Cette coalition a effectivement provoqué beaucoup de débats, y compris en interne au parlement. J’avoue que j’ai été un peu surprise. Mais pas totalement. Nous savions, dès la fin de la campagne, que la majorité absolue serait très difficile à atteindre pour Syriza. Ils ne voulaient pas des communistes du KKE (qui sont membres de la GUE – ndlr). Ils ne voulaient pas non plus de partis ayant déjà voté par le passé des mesures de la Troïka au parlement. Donc ANEL est vite devenu leur seul partenaire possible.

Certains ont jugé que c’était un peu comme si Die Linke s’alliait avec le parti anti-euro AfD… Cette comparaison est-elle pertinente à vos yeux ? 

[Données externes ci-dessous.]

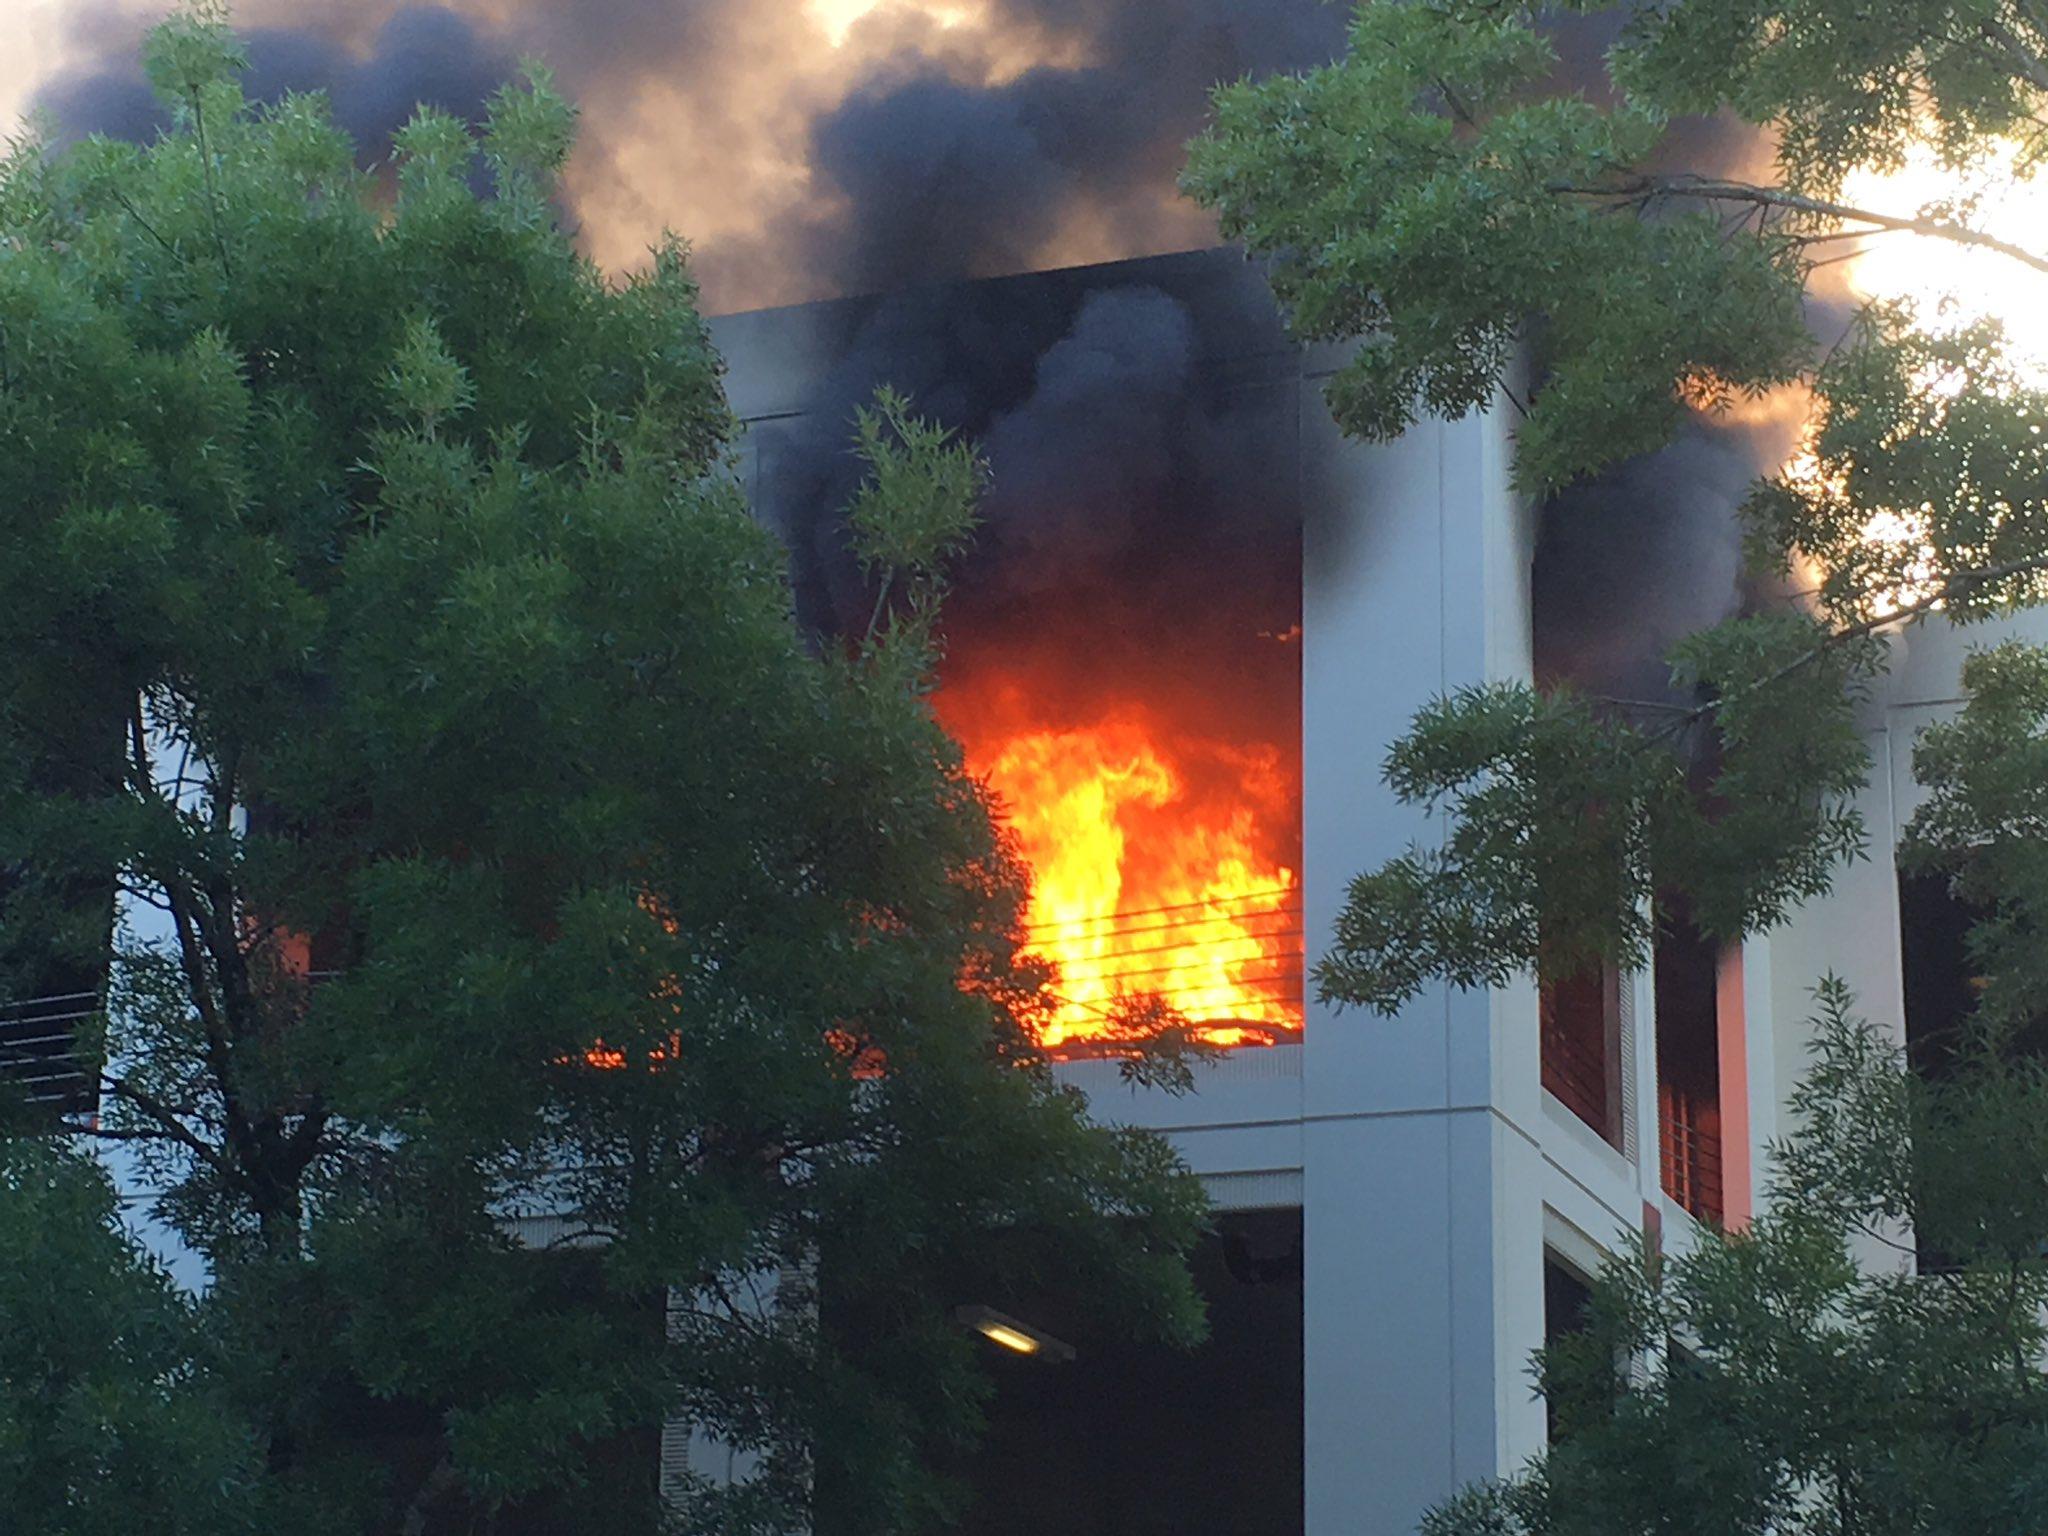 Courtesy Hillsboro Fire Department

Il n’est pas possible de prendre le système de partis allemand comme un modèle pour la Grèce, et inversement, dans les discussions que nous avons. C’est difficile de comparer des partis allemands et grecs. Je ne suis pas un soutien d’ANEL. Et j’espère que Syriza ne va pas trop coopérer avec eux. Pour moi, l’important, c’est que Syriza s’assure qu’ANEL n’aura aucune marge de manœuvre sur certains dossiers : la politique migratoire, la politique intérieure, le renforcement de la démocratie, la coopération avec la police et l’armée. Certes, ils ont obtenu le ministère de l’armée. Mais ce que je veux dire, c’est qu’il faut que Syriza soit en capacité, à chaque fois, de les contrôler sur ces sujets. 

Et l’absence de femmes au gouvernement à Athènes ?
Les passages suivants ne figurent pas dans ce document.